The picture is of course incomplete, as some relevant aspects of external relations are not covered. Multilateral diplomacy, for instance, is certainly an important part of EU foreign policy, but it cannot be quantified in the same way.

Nevertheless, the analysis shows that in some respects, the EU’s perspective and action are clearly global in nature. However, its highest level of engagement concerns its neighboring regions, and some indicators show a special responsibility toward Africa.

Visits of the EU’s Top Officials

Useful gauges of the union’s priorities are the missions undertaken by the president of the European Council, the EU’s highest official in protocol terms; the president of the European Commission, who oversees the commission’s important external relations competencies such as trade and aid; and the high representative, who is the EU’s equivalent of a foreign minister. In this case, the trips were taken between 2010 and 2014 by then president of the European Council Herman Van Rompuy, then European Commission president José Manuel Barroso, and then high representative for foreign affairs and security policy Catherine Ashton, and they included participation in multilateral summits as well as bilateral visits. The numbers of visits indicate the strength of relationships with partner countries but also which countries presented particular headaches for the EU. All in all, the data show that the EU had a global view but paid significant attention to its neighborhood.
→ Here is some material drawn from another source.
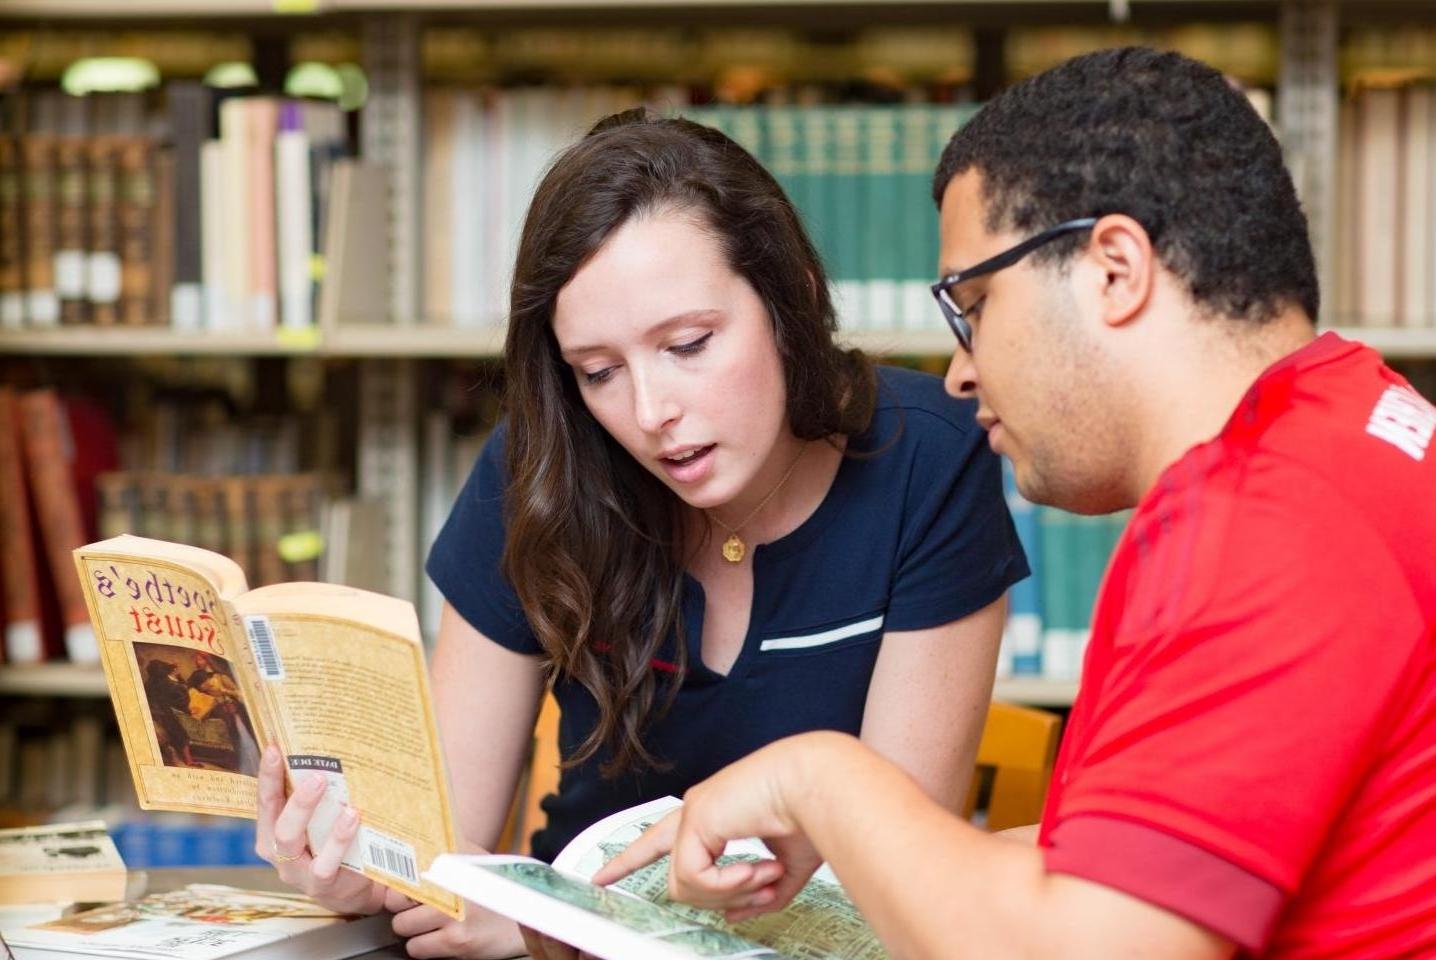 Two students look at map inside of a book

The data reveal a particularly strong relationship with the United States, which received 35 of a total 339 visits (though that number is distorted to some extent as it also includes trips to the United Nations headquarters in New York). Russia came second with 18 visits, well ahead of Turkey with 14 and China with 10.
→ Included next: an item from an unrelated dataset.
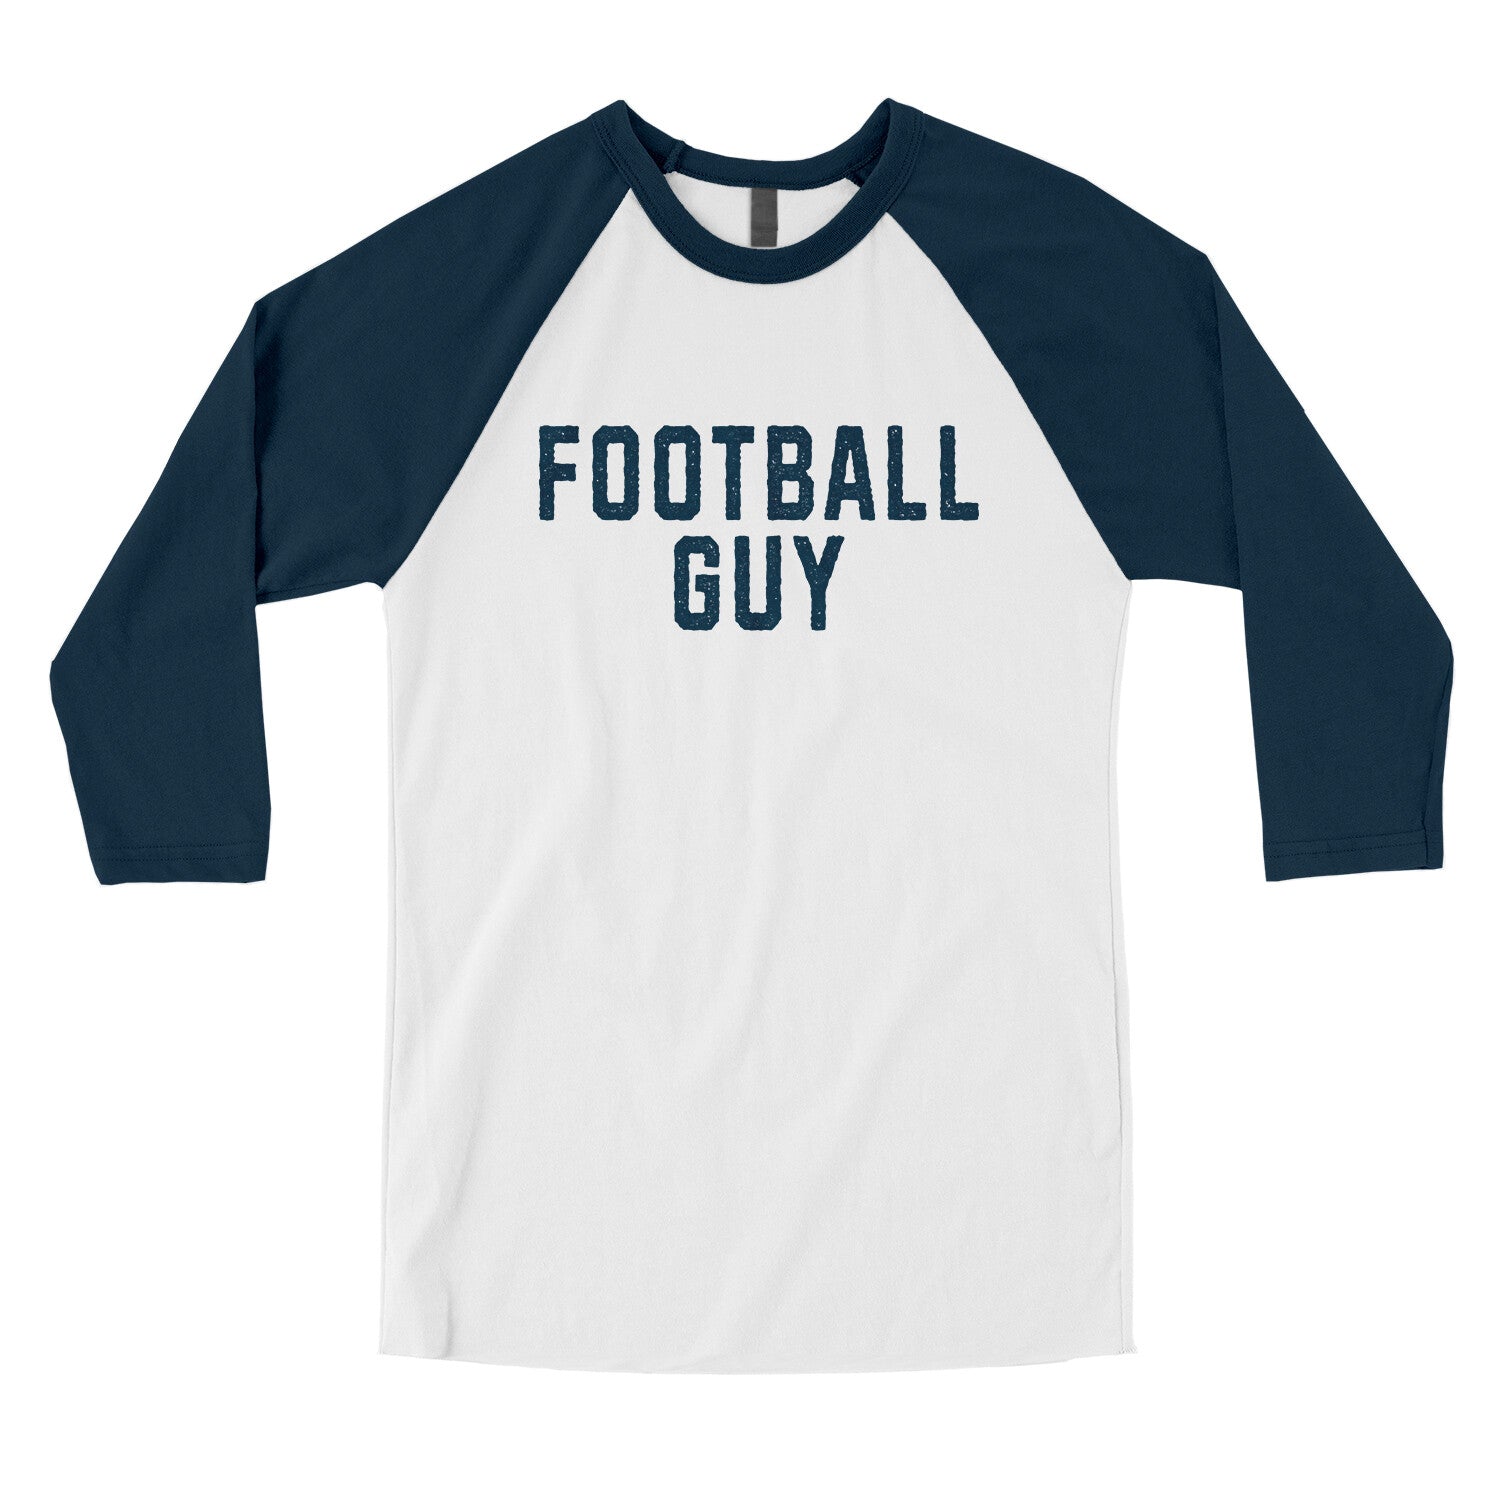 Football Guy in White with Navy Color

Crisis management was an important driver of high-level visits. This explains the relatively large number of trips to Egypt (17), which experienced massive turmoil during the Arab Spring. Israel and Palestine, a permanent venue of (not very successful) EU crisis management efforts, were also visited often (20 times combined). And Serbia (with 10 visits) was a key priority for Catherine Ashton, who achieved significant progress in normalizing the country’s relationship with Kosovo.

In terms of regional distribution, EU leaders visited the Balkans, Turkey, and Eastern Europe—including Russia and the Caucasus—most often (95 visits). They also frequently traveled to Arab countries and Israel (78), as well as Asia (65). Different from a number of other indicators, which demonstrate a special emphasis on sub-Saharan Africa, that area was not a particularly popular destination for visits (23). Eighteen trips were taken to Central and South American countries.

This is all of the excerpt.